05:25:44<@JAA>Whatever 're-established' means exactly.
05:25:53<@JAA>https://apo.org.au/FAQ
05:26:48<nicolas17>hm I think something about this whole "teraleak" stuff should be mentioned in our TestFlight wiki page
05:27:18<nicolas17>in particular since I and others did some indexing of what is in the archived data
05:28:09<@JAA>Yeah, that would probably be a good idea. It was just public data, as I understand it (this was before my time here).
05:28:48<@arkiver>it was just a regular project
05:28:53<@arkiver>like all other projects
05:29:01<fireonlive>i did see arkiver2 as the committer :3
05:29:37<@JAA>It wasn't even a listable S3 bucket probably, right? Just S3 URLs referenced on the website?
05:29:47<nicolas17>I don't know how discovery worked
05:29:55<@arkiver>the tons of attention and "teraleak" branding is mostly people who just found out the "web archiving is pretty cool, because it saves stuff, like games, that are later maybe not available"
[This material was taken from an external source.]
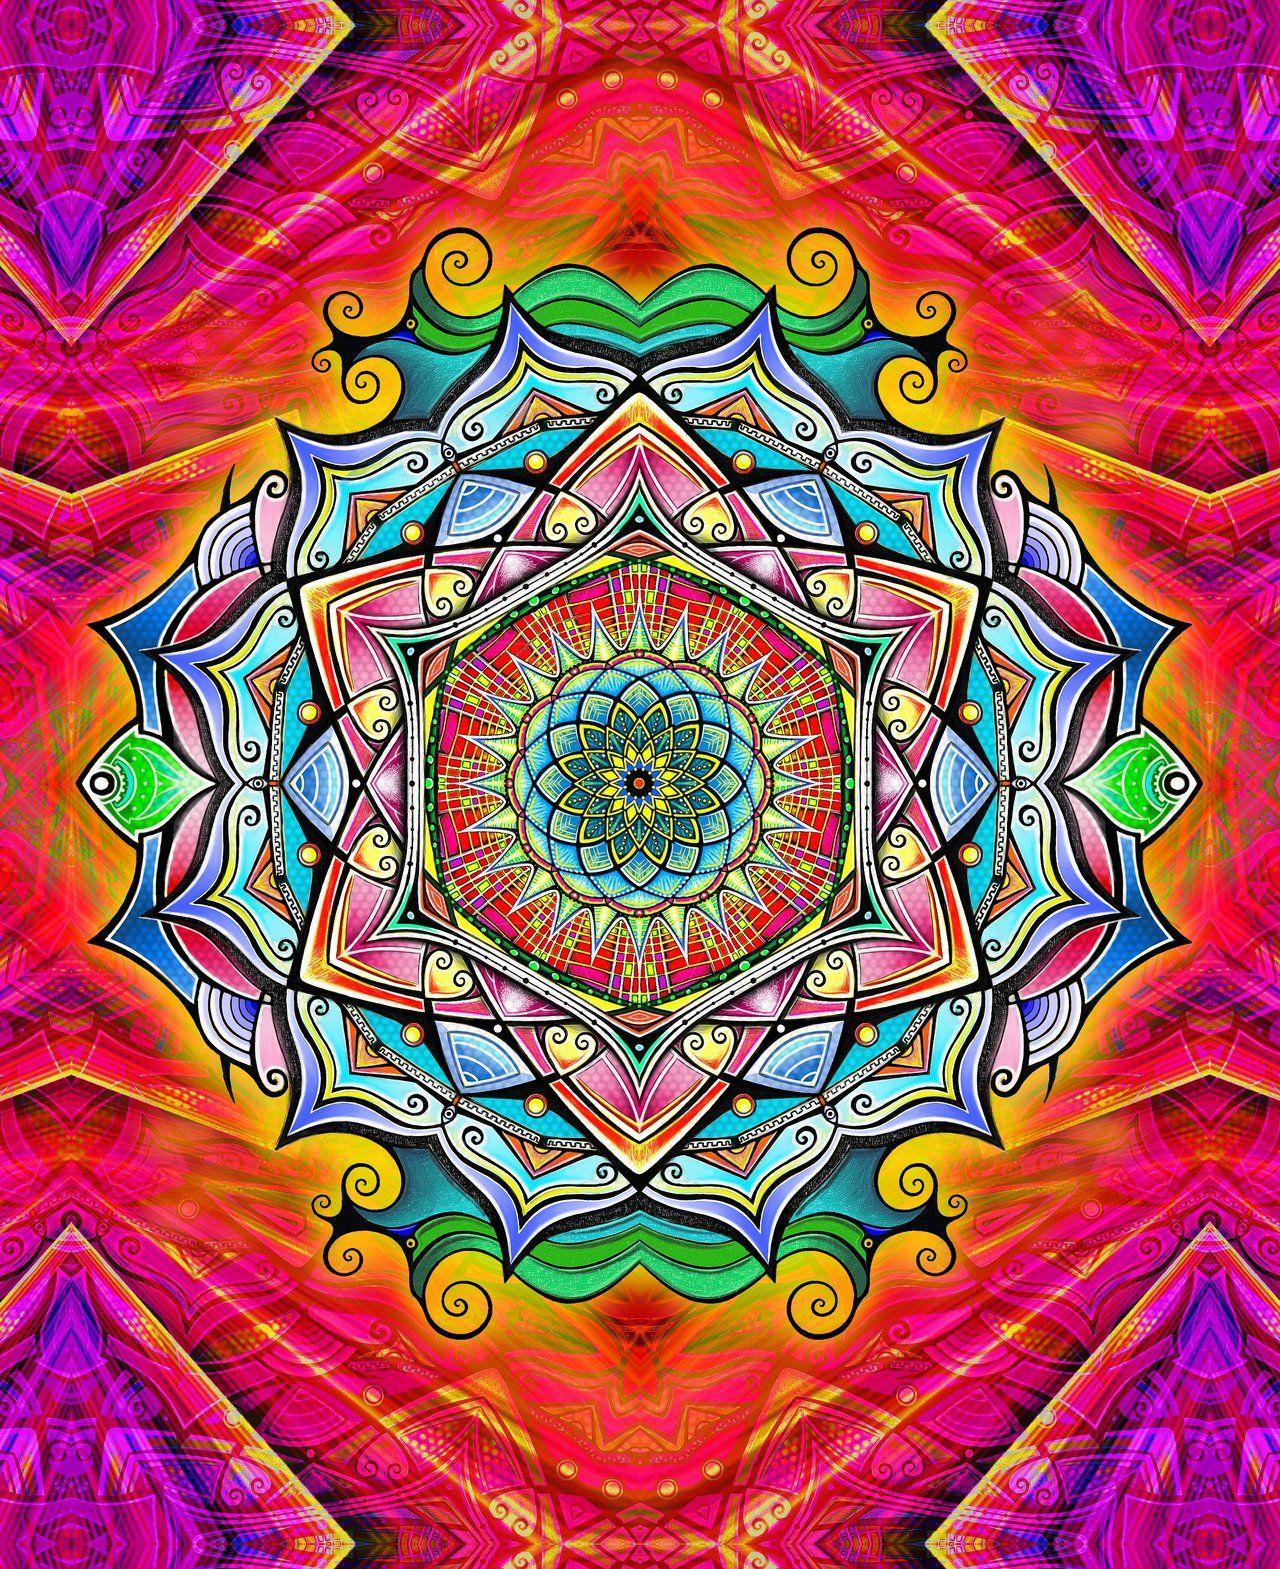 Mandala HD 2 by relplus on DeviantArt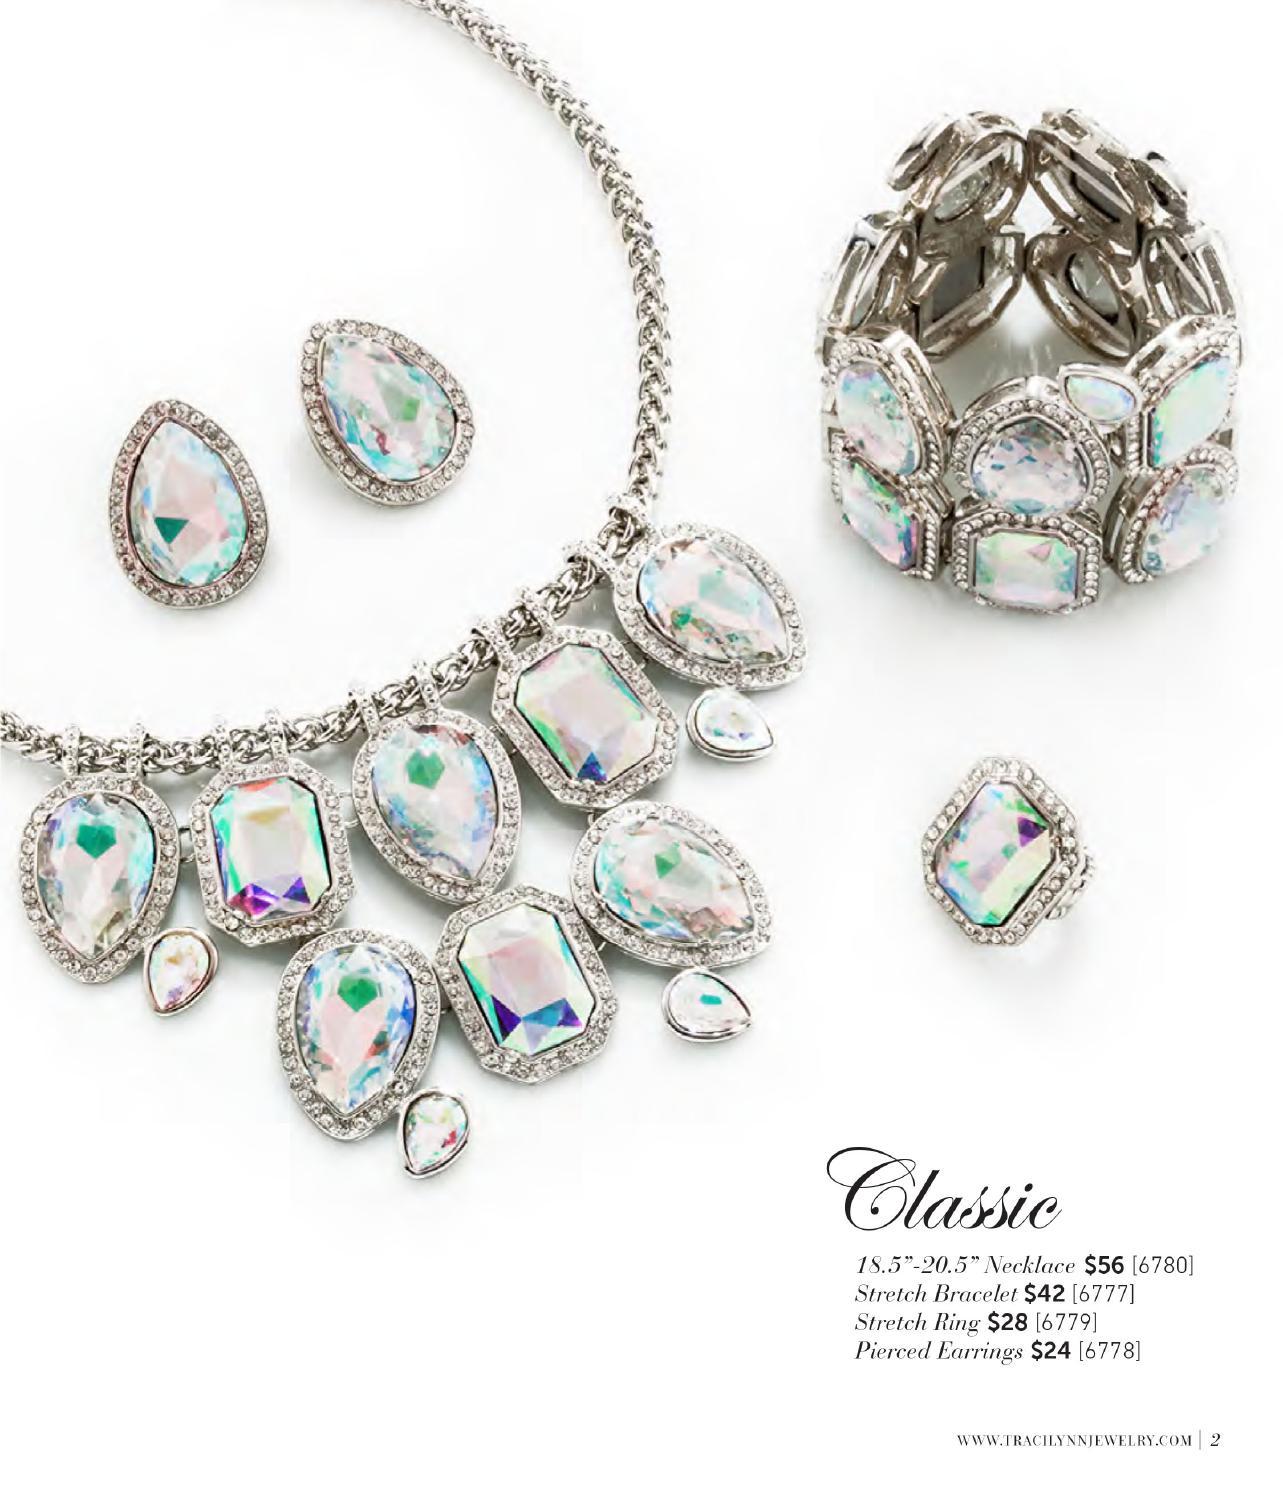 Stunning 2015 Catalog By Traci Lynn Jewelry Issuu Traci Lynn Fashion Jewelry 2016 Traci Lynn Fashion Jewelry Convention wedding jewelry Traci Lynn Fashion Jewelry

05:30:04<@arkiver>found out that*
05:30:13<@arkiver>remember for us it's pretty normal and obvious
05:30:32<@arkiver>for many non-tech people out there it's a first time they really see something like this
05:30:43<@JAA>Yeah, but it might be worth clarifying that we're archiving public data, not hacking into private systems or whatever.
05:30:45<nicolas17>I think good old scraping of previous projects found URLs like http://testflightapp.com/install/000059cc47865bcec060d67ddb11d30b-MTM2NjI4Ng/
05:30:53<@arkiver>JAA: yeah!
05:31:10<fireonlive>someone called it 'leak' initially as well, which caught on and wasn't helpful...
05:31:24<@arkiver>the code is completely public though, people can see there's no hack-y stuff in there.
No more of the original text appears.